Item
1.01 Entry into a Material Definitive Agreement.
On
April 27, 2020, the Board of Directors of Document Security Systems, Inc. (“DSS” or the “Company”) approved
and the Company entered into a share exchange agreement (the “Share Exchange Agreement”) with DSS BioHealth Security,
Inc., a Delaware corporation and wholly owned subsidiary of the Company (“DBHS”), Singapore eDevelopment Limited,
a Singapore corporation (“SeD”) that is listed on the Singapore Exchange, and Global BioMedical Pte Ltd, a Singapore
corporation and wholly owned subsidiary of SeD (“GBM”), pursuant to which, among other things and subject to the terms
and conditions contained therein, the DBHS will acquire of all of the outstanding capital stock (the “Impact Shares”)
of Impact BioMedical Inc., a Nevada corporation and wholly owned subsidiary of GBM (“Impact BioMedical”) through a
share exchange, with Impact BioMedical becoming a direct wholly owned subsidiary of the DBHS.
The
aggregate consideration for the Impact Shares will be the following to be issued to GBM by DSS: (i) 14,500,000 newly issued shares
of common stock of DSS, nominally valued at $3,132,000, or $0.216 per share; and (ii) 46,868 newly issued shares of a new series
of perpetual convertible preferred stock of DSS (“Convertible Preferred Stock”) with a stated value of $46,868,000,
or $1,000 per share, for a total consideration valued at $50 million. The Convertible Preferred Stock will be convertible into
shares of common stock of DSS, subject to a 19.9% beneficial ownership conversion limitation (“blocker”) based on
the total issued outstanding shares of common stock of DSS beneficially owned by GBM. Holders of the Convertible Preferred Stock
will have no voting rights, except as required by applicable law or regulation, and no dividends will accrue or be payable on
the Convertible Preferred Stock.

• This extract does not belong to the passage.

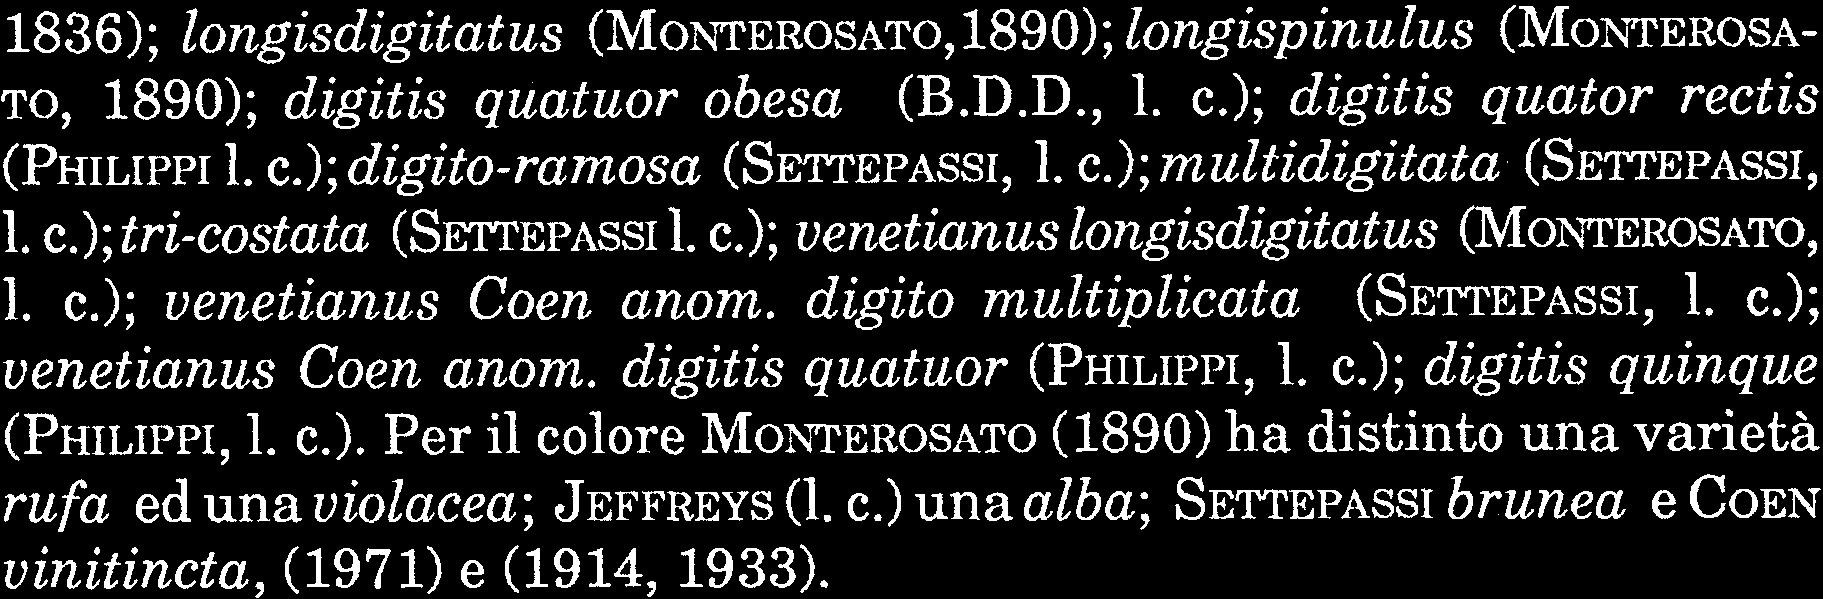 86); longisd igitat us ( MONTEROSATO, 890); longisp inulus (MOP~TEROSA TO, 890); digitis quatuor obesa (B.D.D.,. c.); digitis quator rectis (PHILIPPI. c.); digito-ramosa (SETTEPASSI,. c.); multidigitata (SETTEPASSI,.

The Holders of Convertible Preferred Stock will be entitled to a liquidation preference at a
liquidation value of $1,000 per share, and the Company will have the right to redeem all or any portion of the then outstanding
shares of Convertible Preferred Stock, pro rata among all holders, at a redemption price per share equal to such liquidation value
per share.
The
closing of the purchase and sale of the Impact Shares contemplated under the Share Exchange Agreement is subject to a number of
customary and other conditions, including both the Company and SeD having obtained approvals from their respective shareholders,
SeD having obtained requisite approval from the Singapore Exchange, and receipt by DSS of audited financial statements of Impact
BioMedical, which will be included in DSS’s proxy statement soliciting the vote of its shareholders.
The
Share Exchange Agreement contains customary representations, warranties and covenants of the parties as well as certain indemnification
provisions.
The
Share Exchange Agreement may be terminated prior to the closing on certain conditions, including by mutual written consent of
the parties; by one party in the event of breach, inaccuracy in or failure to perform any representation, warranty, covenant or
agreement made by the counterparties that would give rise to the failure of the conditions precedent to closing that has not been
cured after written notice to the counterparties; or if certain other conditions as set forth in the Share Exchange Agreement
shall not have been, or it becomes apparent that any of such conditions will not be, fulfilled by the date that is 180 days after
the date of the Share Exchange Agreement; or in the event that (i) any law that makes consummation of the transactions contemplated
by Share Exchange Agreement illegal or otherwise prohibited or (ii) a government authority issues an order restraining or enjoining
the transactions contemplated by the Share Exchange Agreement, and such order becomes final and non-appealable.
The
Chief Executive Officer and largest shareholder of SeD is Chan Heng Fai Ambrose, the Chairman of the Board and largest shareholder
of the Company. As such, the above transactions constitute related party transactions which have been duly approved by the Company’s
Board of Directors and Audit Committee.
The foregoing summary of the Share Exchange
Agreement and the Certificate of Designation is subject to, and qualified in its entirety by, the terms of the Share Exchange
Agreement and Certificate of Designation, a copy of each of which is attached hereto as Exhibit 10.1 and Exhibit 3.1,
respectively.
Prior
to the execution of the Share Exchange Agreement, Impact BioMedical’s ownership of a suite of antiviral and medical technologies
was valued at $382 million through a required independent valuation that was completed by Destum Partners. Because the valuation
was higher than the previously agreed value, the Purchase Price was capped at a value of $50 million as previously disclosed by
the Company. On April 27, 2020, the Company issued a press release announcing the completion of the required independent valuation,
allowing the Company to proceed with the Share Exchange Agreement.